Letting Go

One of the biggest problems that has plagued me in life is the inability to let things go. This has been a part of my personality and thought process for as long as I can remember. Especially when it comes to stressful events, my mind just keeps returning to them over and over.

For example, my wife, Jenny, and I walk our dog most evenings. One day a couple of weeks back, we were walking along and I put my hand to my face as if in pain. Jenny asked me what was wrong. I told her I had just thought about a time about five years earlier when I told a man I thought he was lying to me, and then later found out he was telling the truth. I had apologized to the man (a stranger at a racquetball court), but it was awkward. I had felt like a fool.

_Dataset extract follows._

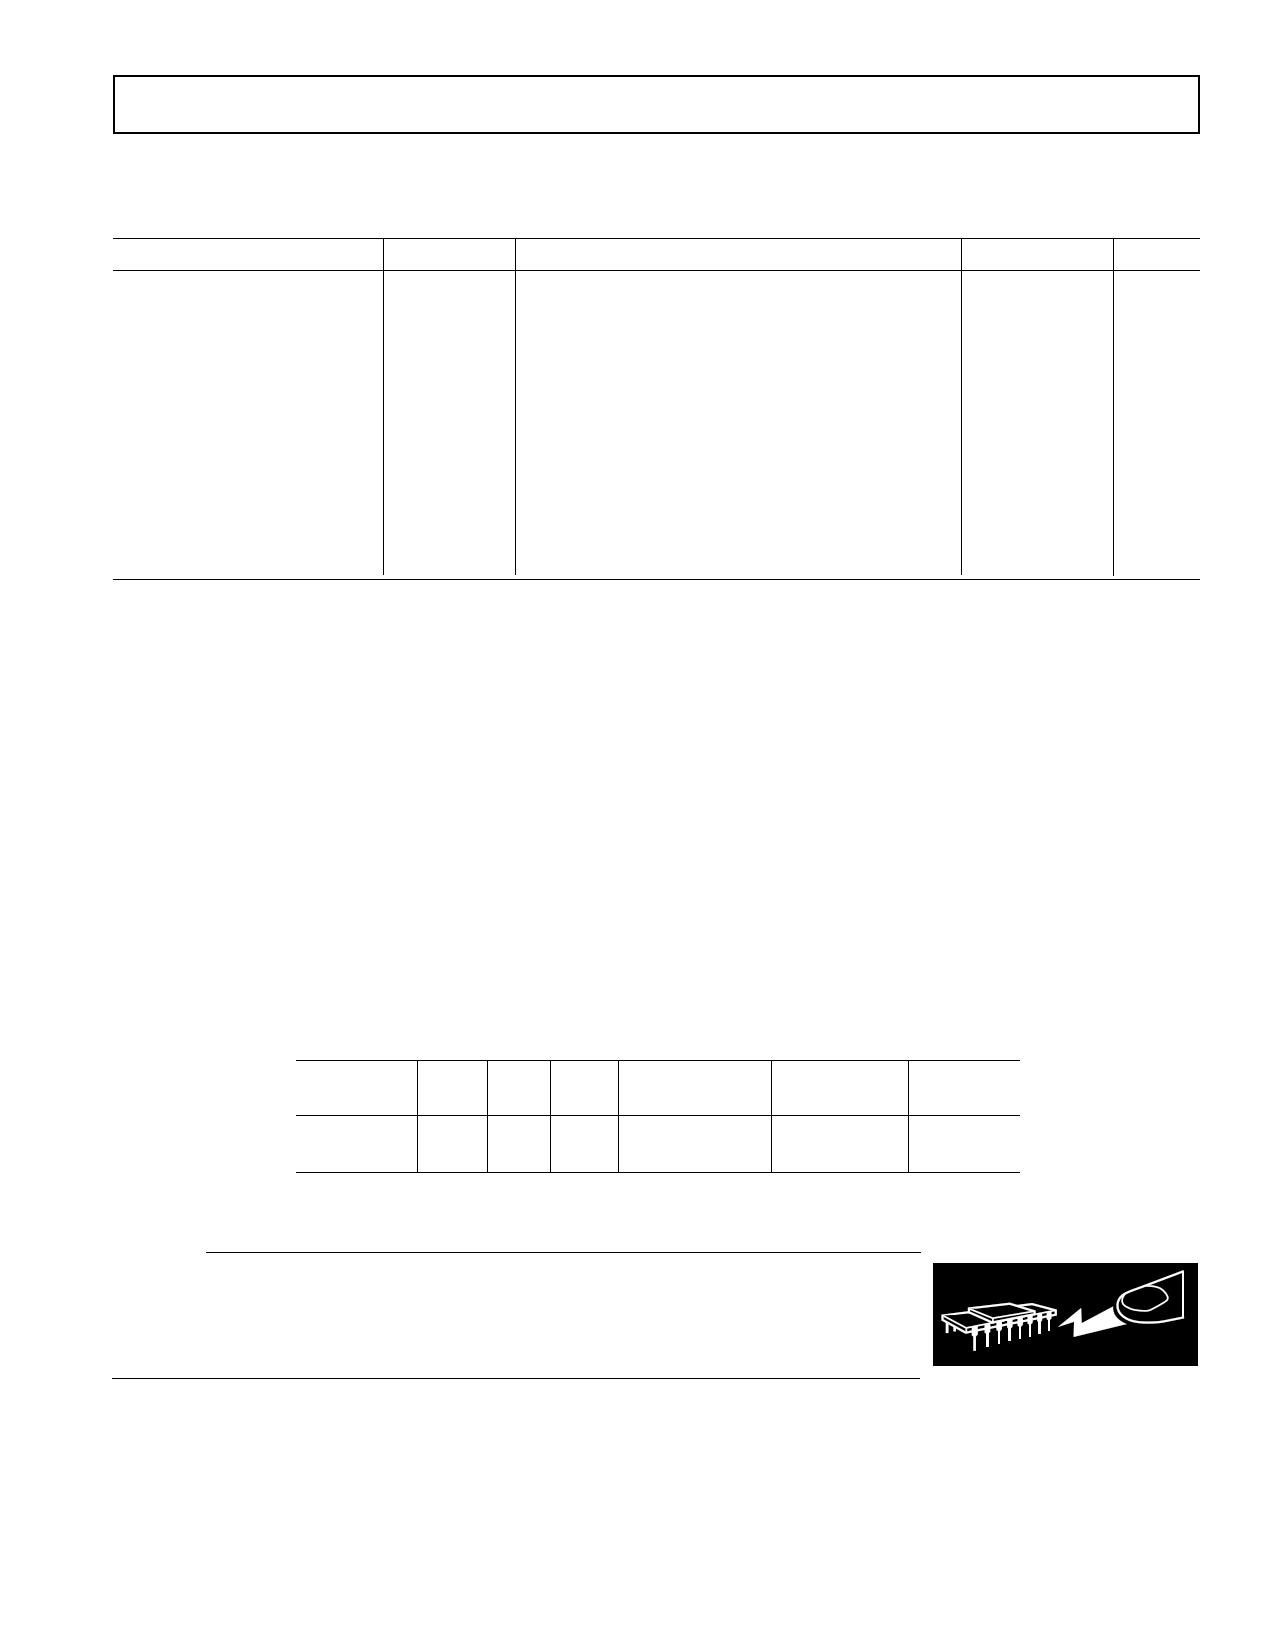 AD5544 pdf

Why did I think about that moment? Why does it still bother me so much to think about that moment? When I do think of it, I feel the same feelings of shame and embarrassment I felt in the moment itself. Why?

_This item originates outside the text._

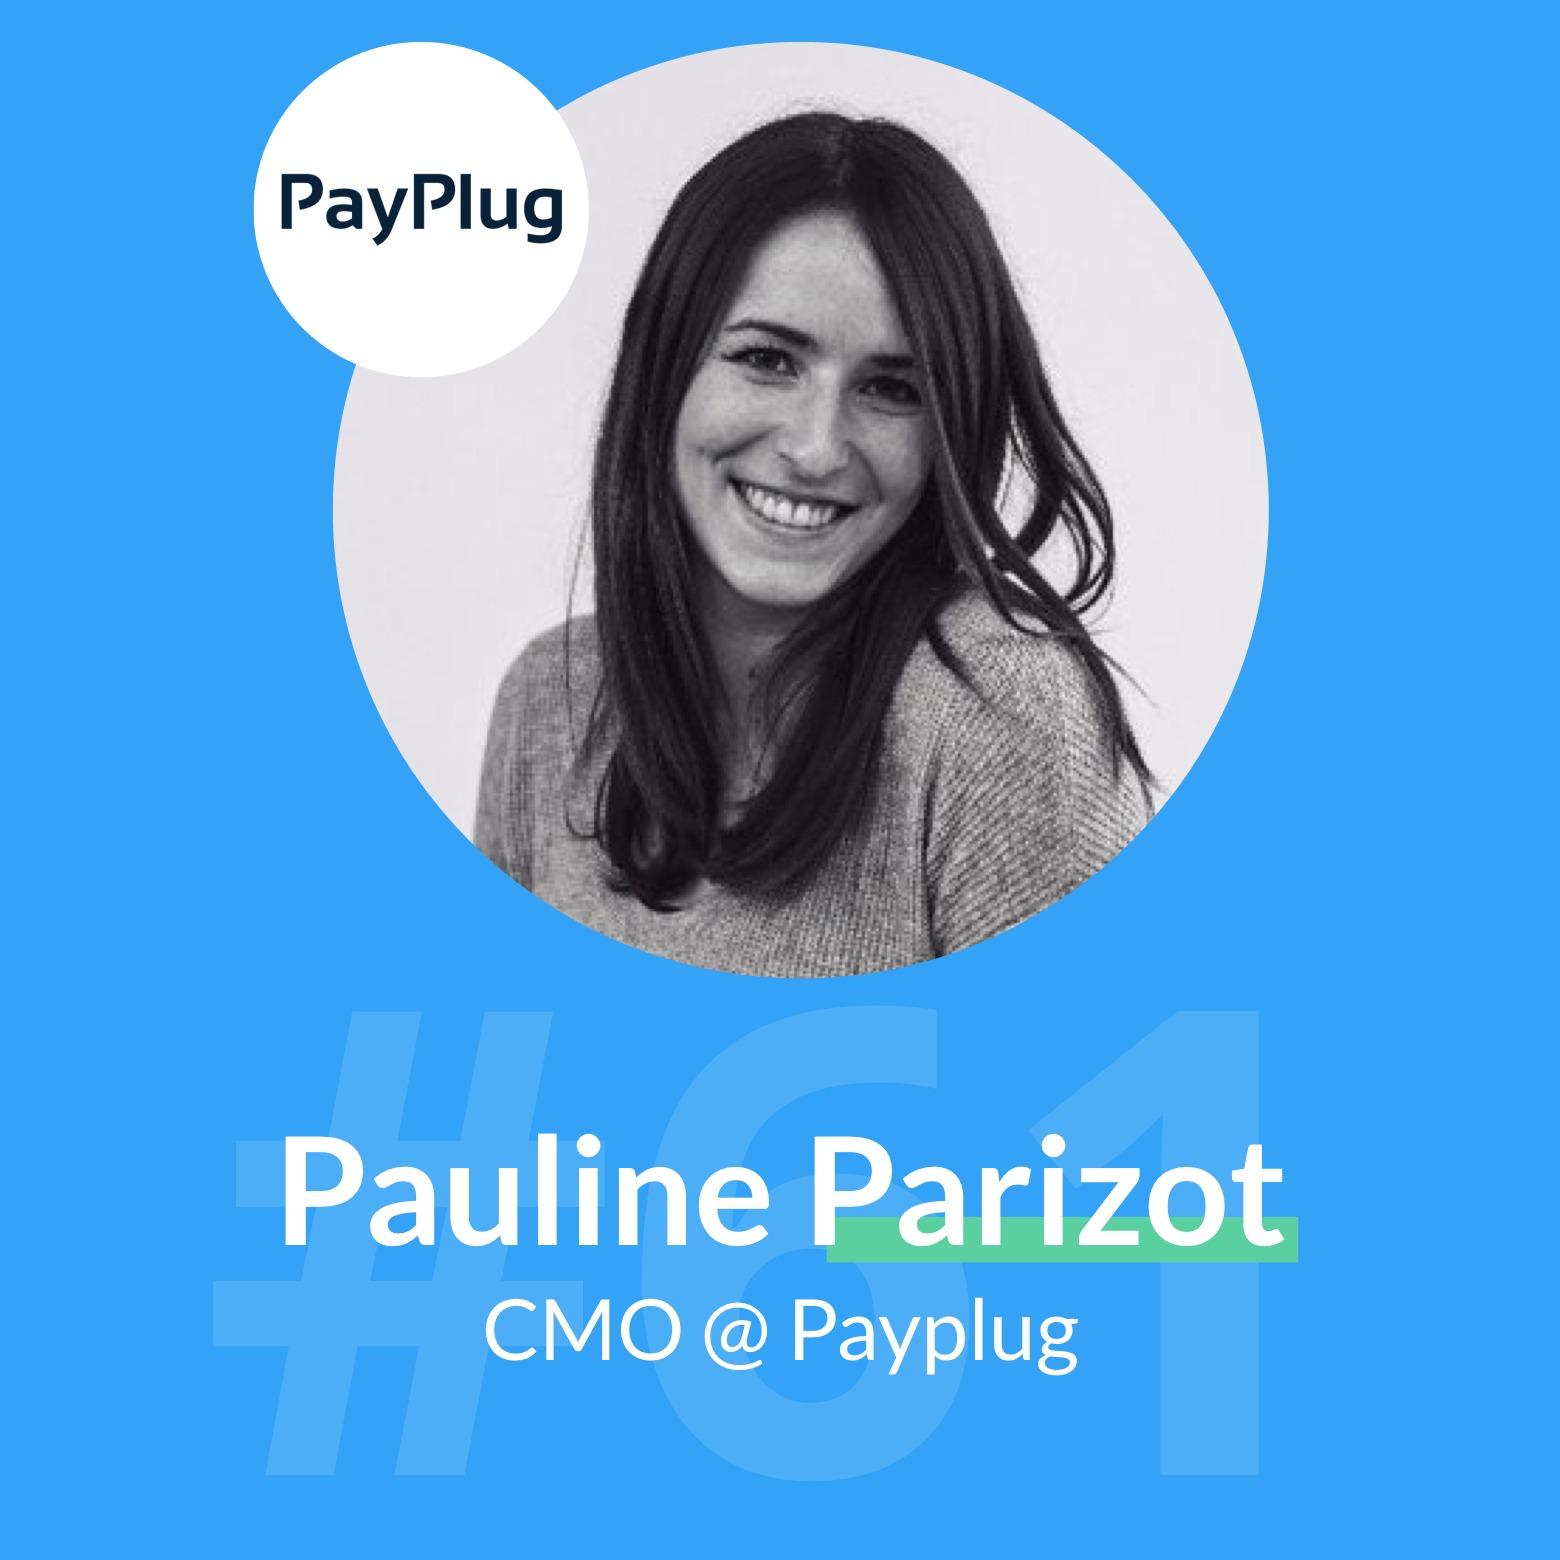 Bonus Porte Interne 2018 61 - payplug : l'obsession de la simplicité, avec pauline

I don’t have answers to these questions. But this is how my mind works. It holds on to moments, and likes to revisit them. I wish I could say my mind holds onto an equal number of positive moments, but while there are a few, it seems to mostly prefer the shitty ones. Thanks, brain. You’re a pal.

This is a problem, for sure, but one I don’t know how to combat. There are people who hold onto their pain because they want it to define them. It is their pain, and they are proud of it. They like to hold it out and say “This hurts me! This is what I live with every day! This defines me!” I am not one of those people. When it comes to pain, I try to move past it. I would like to feel that I am a person who learns from the past, and tries to build themselves every day to be a better person, rather than one who clings to an idea of “who they are” to remain stagnant. The person I am today hardly resembles the person I was even a decade ago.

And yet, somewhere inside, my mind holds onto this stuff. Minor things like the example above, and major ones as well. For instance, I was relentlessly bullied when I was a young child. I tried to fight back, sometimes in highly ineffective ways. The fear, shame, paranoia, and self-esteem issues that came with those events float into my mind unbidden at times, just to remind me that they’re still in there.

I’d like to keep my past memories, but somehow separate them from the feelings… not the knowledge of the feelings, but the ACTUAL feeling. I don’t want to relive these events, in other words. I don’t want to carry them around with me all the time. They don’t define me, but they do wear on me.